The Zeal Amaranthine


The mesmerizing rainbows, vibrant and full of happy hues, often leave me wondering about life. Don’t we all aspire to become one someday, to leave that distinct mark, to make people forget their rainy day, to leave at least someone awestruck? But then we lack that zeal a wee bit- to deal with the struggles, to face the scorch and the rain or to stand tall until the eleventh hour. Our immured imagination needs to peep through the cracks, beyond the massive walls of setbacks and defeats. Yes I know, it’s easier said than done. But the whole hullabaloo is about taming our mind to keep calm through the down and the dark.
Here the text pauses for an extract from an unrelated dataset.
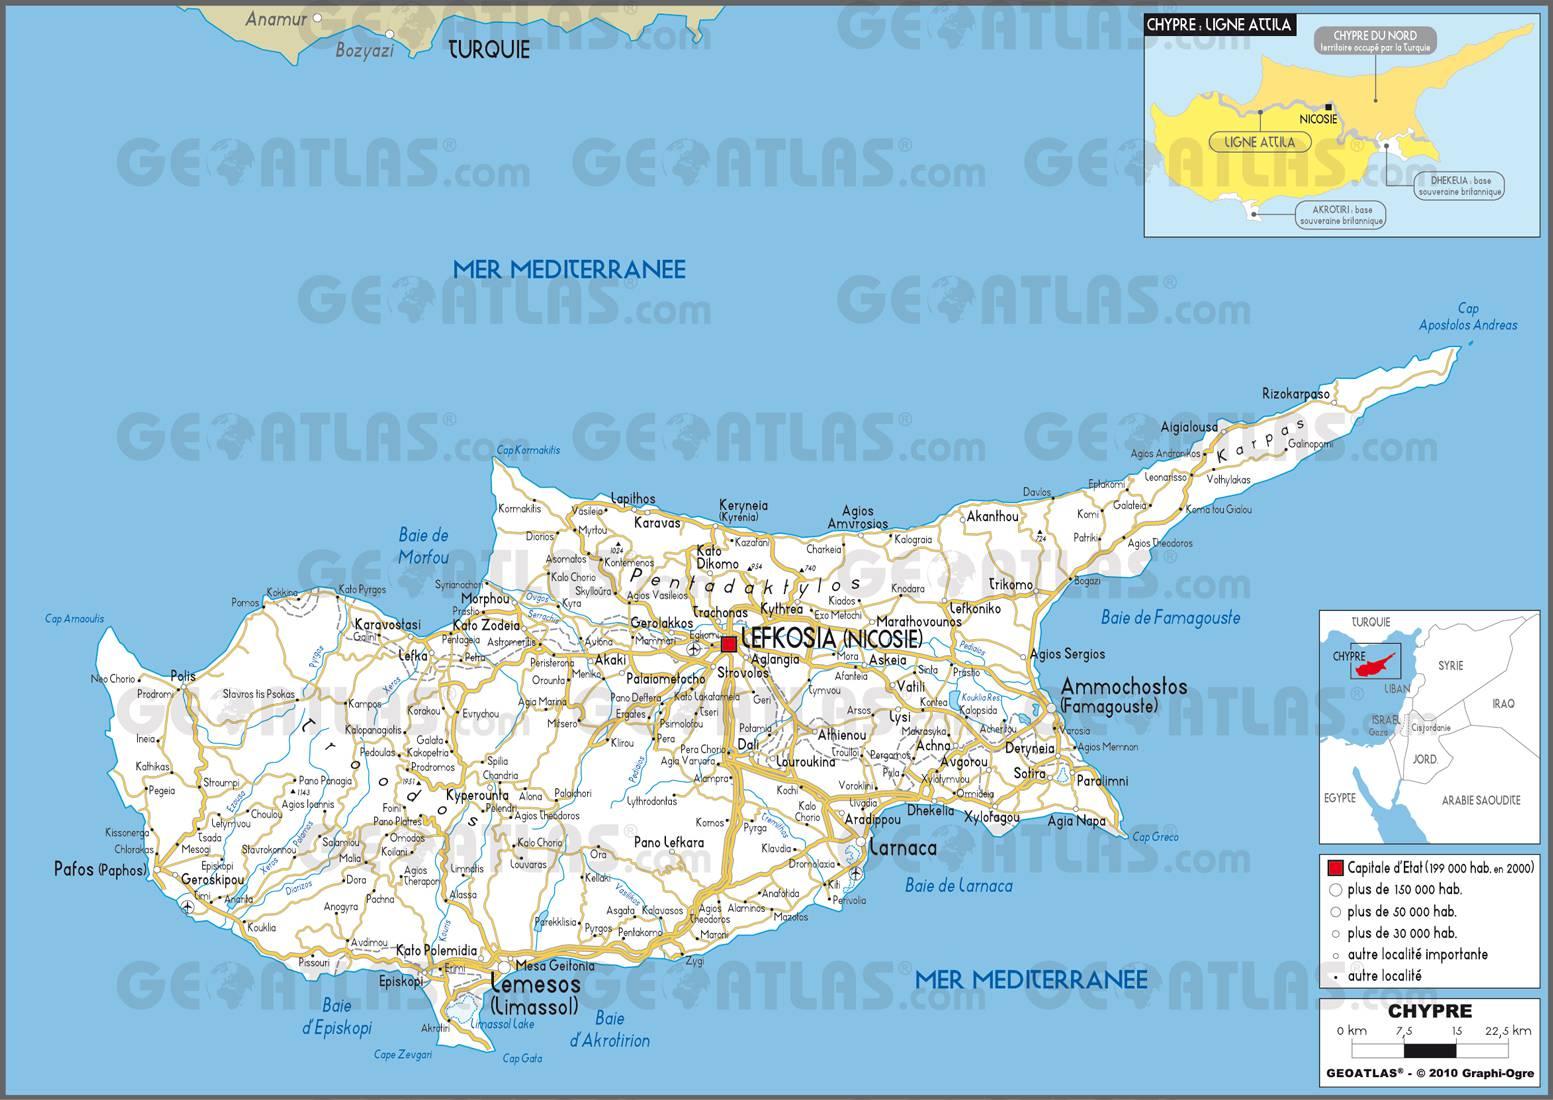 Carte routière de Chypre
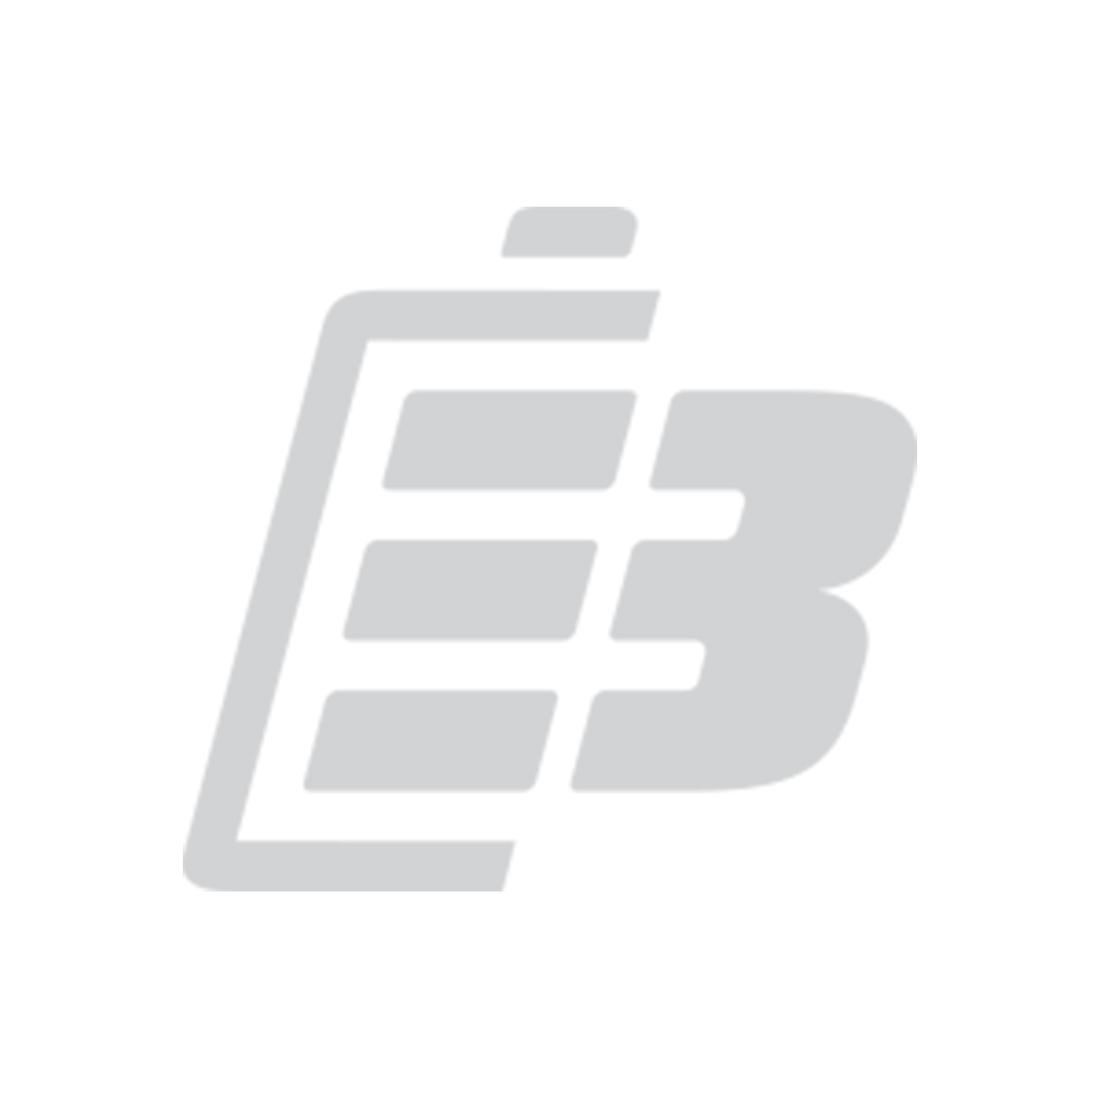 Camera battery Pentax EI-D-LI1_1

It demands strength, it urges for nothing but patience.

Struggle is mandatory like the pinch of salt in the lemonade that adds taste to it. Tribulations do shape us. All that we go through makes us stouthearted and intrepid, both mentally and emotionally. As we move through the labyrinth, we perceive how we ended up there in the first place. As we pass through the thorns, we know who was, and is there to walk along, or to even pluck them to smoothen our path. We savvy that we had it in us- the courage to keep up the pace.

Do the people who make it through all the odds and come out with flying colours (Yes! Like the rainbow), possess something different?

Yes, they do- an amaranthine zeal. The fire that doesn’t die with the downpour, that which cannot be put off by the winds and that which does not dry out, come what may. If you are unstoppable, no force can flinch you.

Oscar Mosquera, a Colombian weightlifter, and Olympic Champion made it to the Olympic finals each time since 2004 but won a gold only in 2016. What if his ardour had not been indomitable and had he sought contentment in the silver? Karoly Tacaks, a world-class shooter lost his hand in an explosion. When he started training himself to shoot with the left hand, Olympics were cancelled for two consecutive terms. He never gave up and his diligence helped him reach the pinnacle. An indefatigable will power, an incessant urge to bear the odds and an undying patience is what they possessed and what we think we do not.

Turn the mental blocks into building blocks.’ This reminds me of a seminar being conducted for students, joined in by thousands of enthusiastic youngsters. The orator asked them, “How many of you see yourself in the top five ranks?” Contrary to his expectation, only a handful raised their hand. He said just one line before concluding the session (saying it all), “Remember my dear folks, you will only if you will to, and if you will to see a rainbow, you got to put up with the sun and the rain.”

And so is the truth of life.


The fetters, the chains, the thralldom are all in my mind

This sojourn I so tread on, to emancipate the confined

Fire and thorns and frustration, await like landmark

In my willing heart I keep, an unquenchable spark

As I forge towards myself, on this walk labyrinthine

I see a measured volition, and that my zeal is amaranthine.